**TASK**
Output only the lines from the one holding "Work: Original Oil" to the end of the data below, please, copied exactly.

**DATASET EXCERPTS**
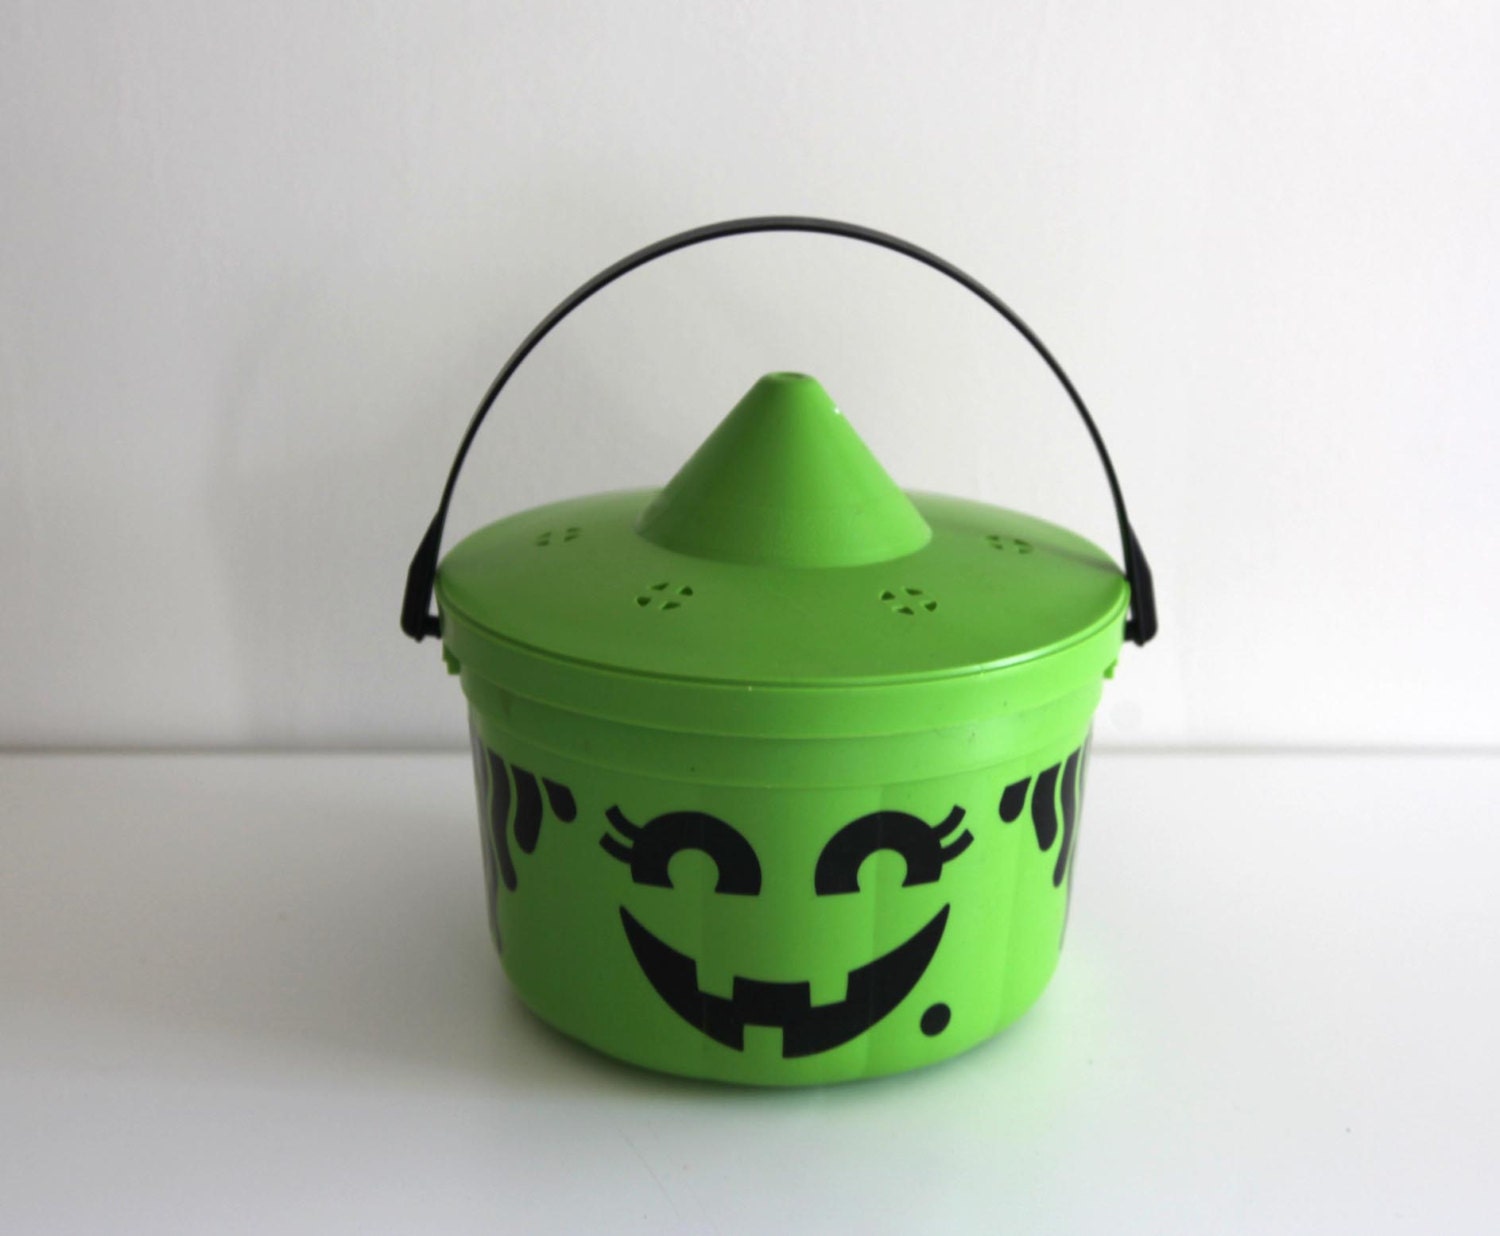 mcdonalds halloween buckets
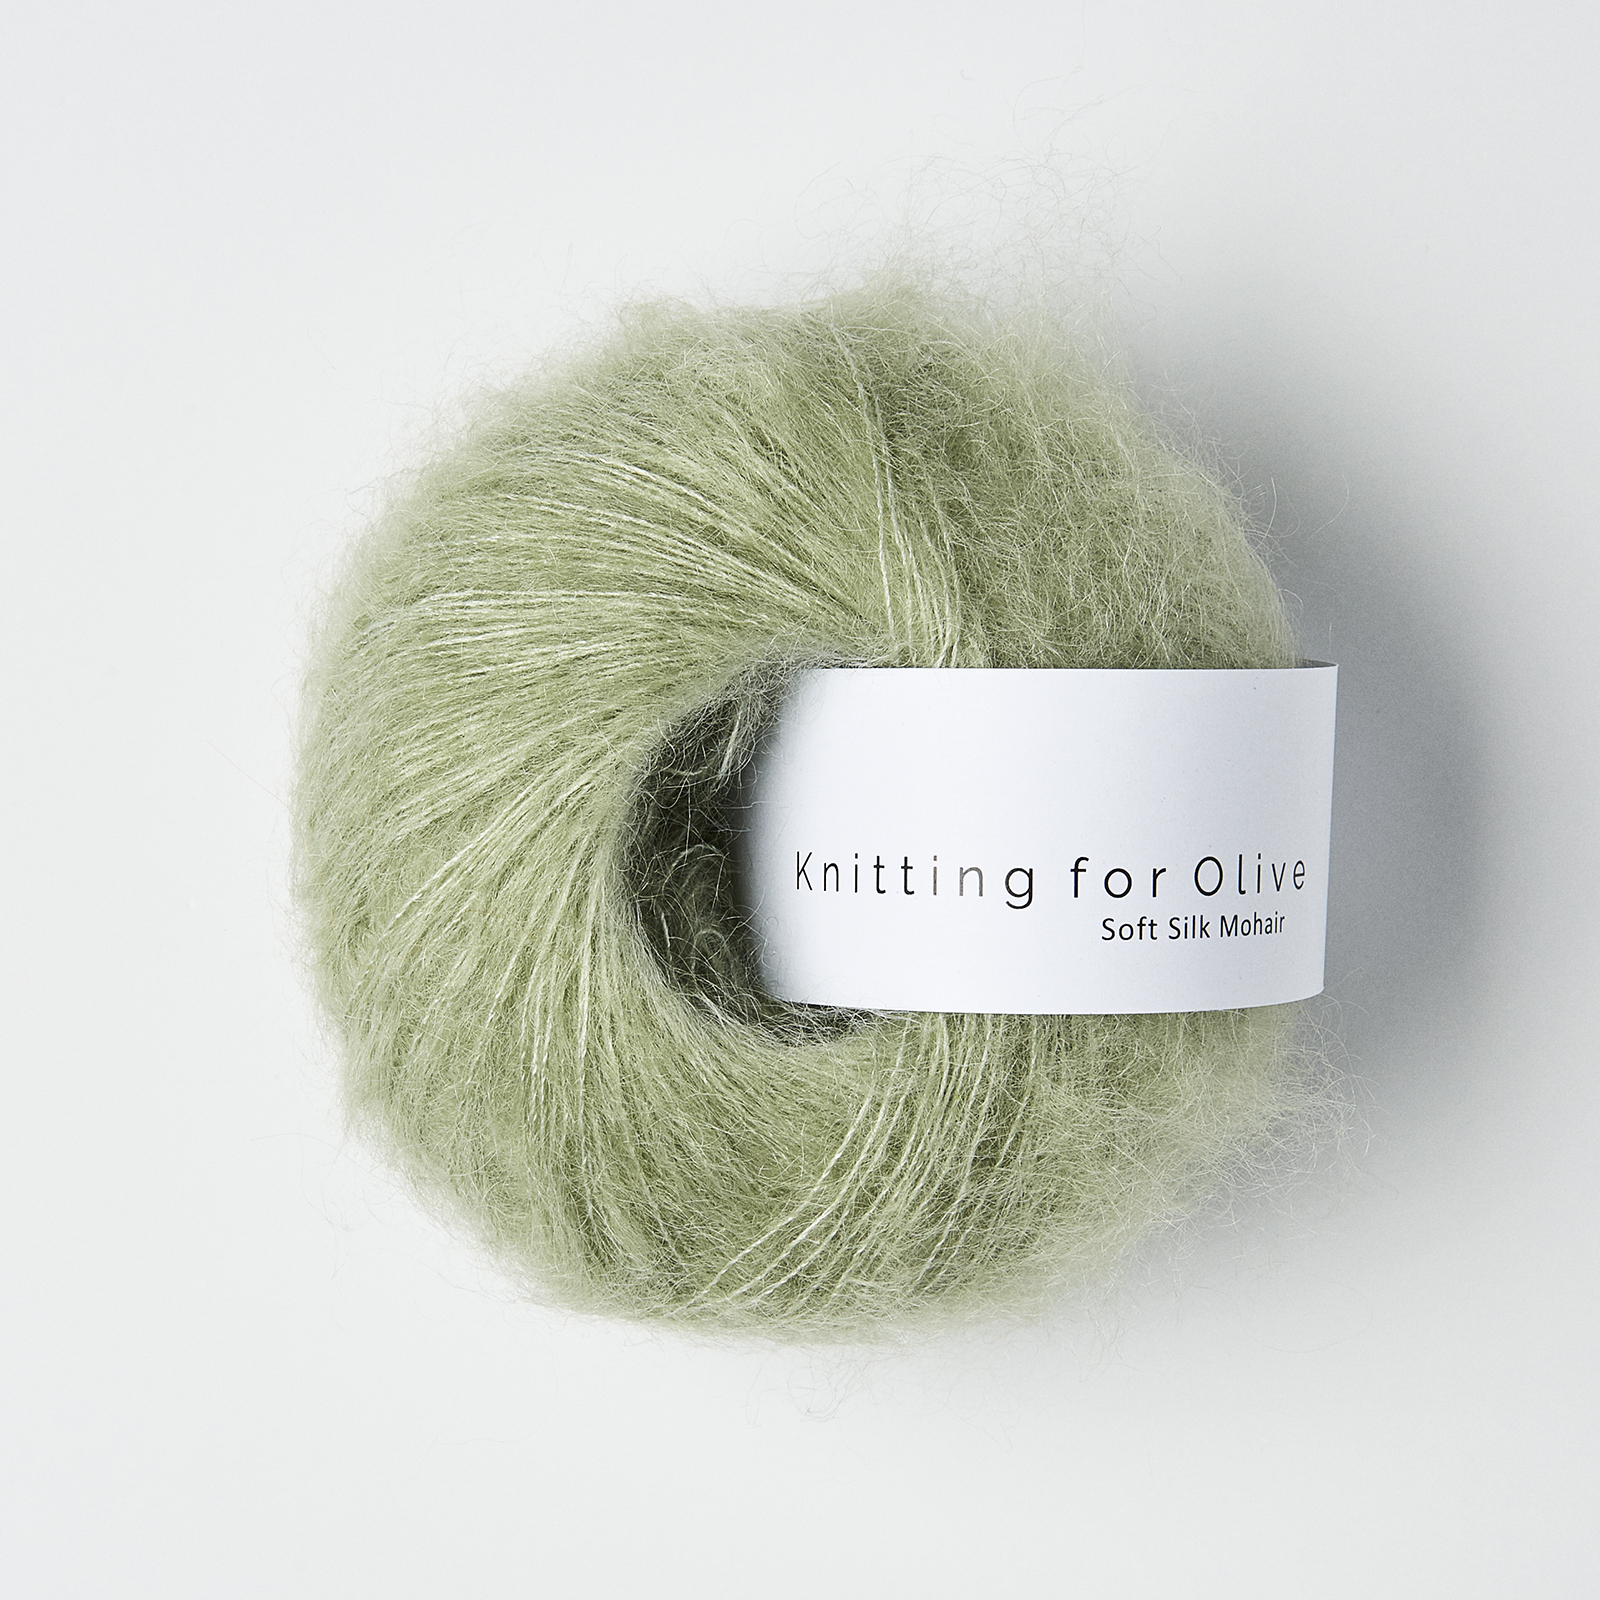 soft silk mohair knitting for olive | soft silk mohair: dusty artichoke
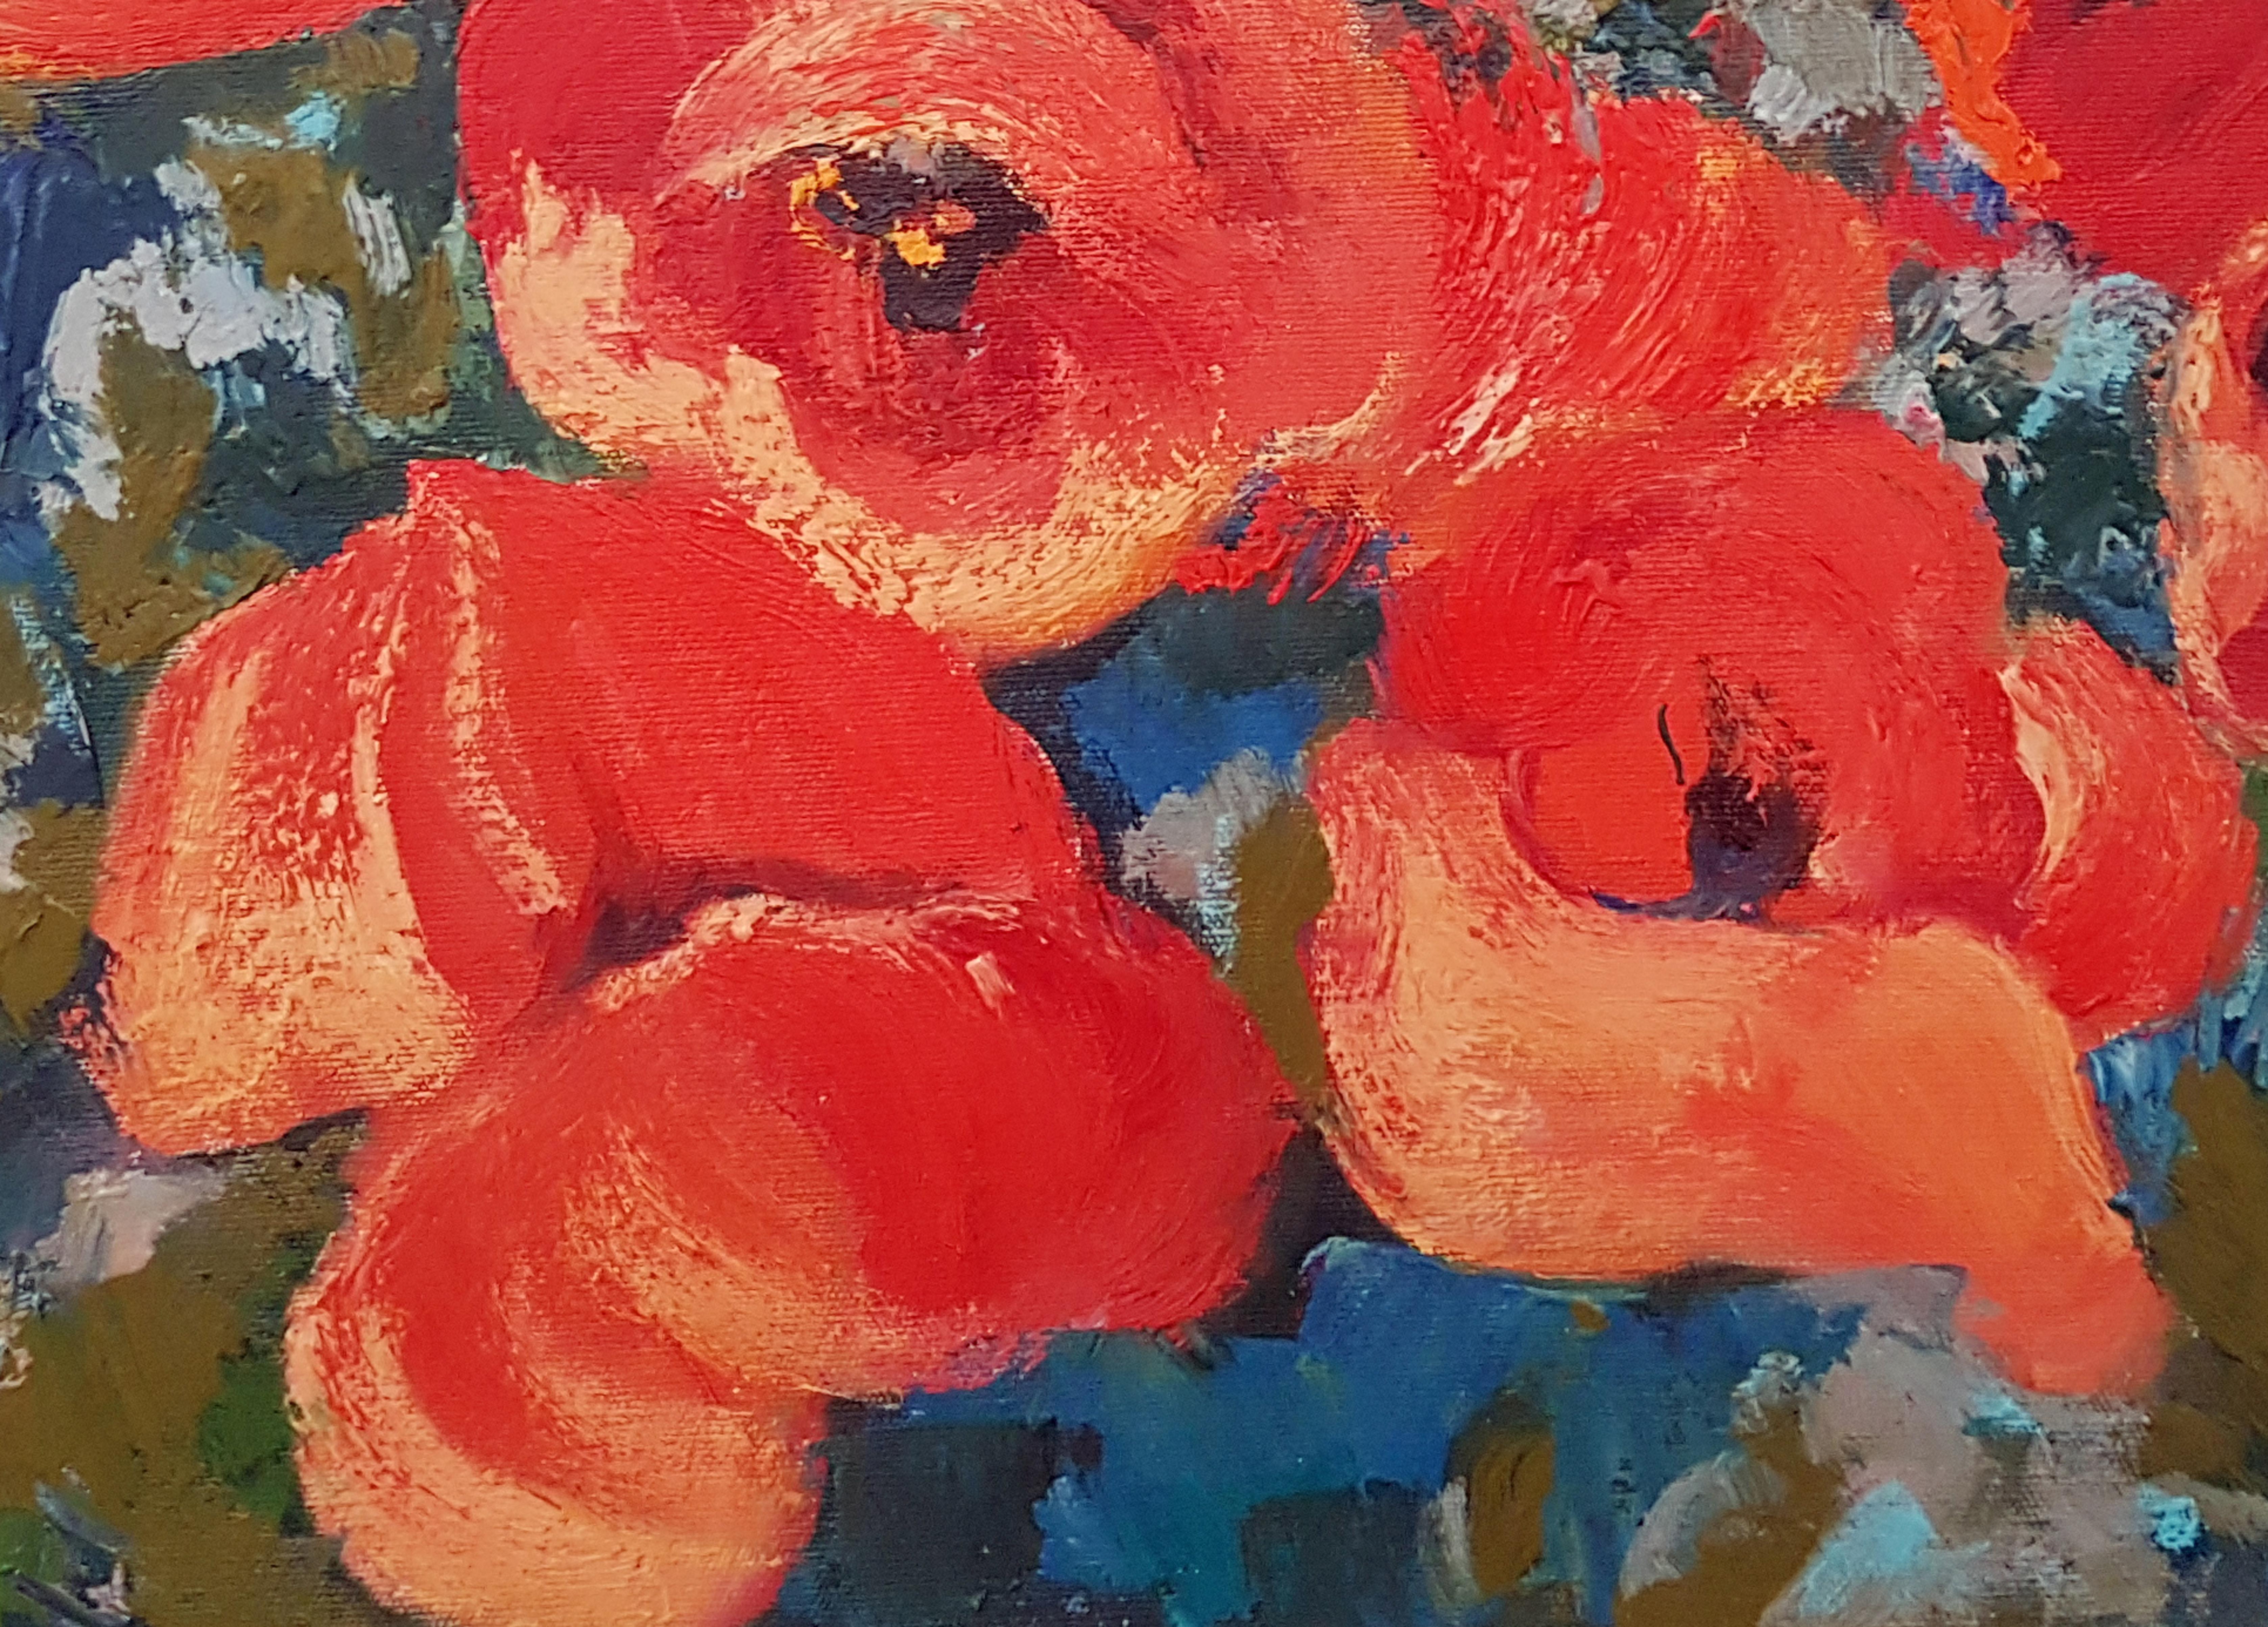 Artist: Ara H. Hakobyan
Work: Original Oil Painting, Handmade Artwork, One of a Kind
Medium: Acrylic on Canvas
Year: 2019
Style: Impressionism
Title: Tulip
Size: 16

**PROBLEM SOLUTION**
Work: Original Oil Painting, Handmade Artwork, One of a Kind
Medium: Acrylic on Canvas
Year: 2019
Style: Impressionism
Title: Tulip
Size: 16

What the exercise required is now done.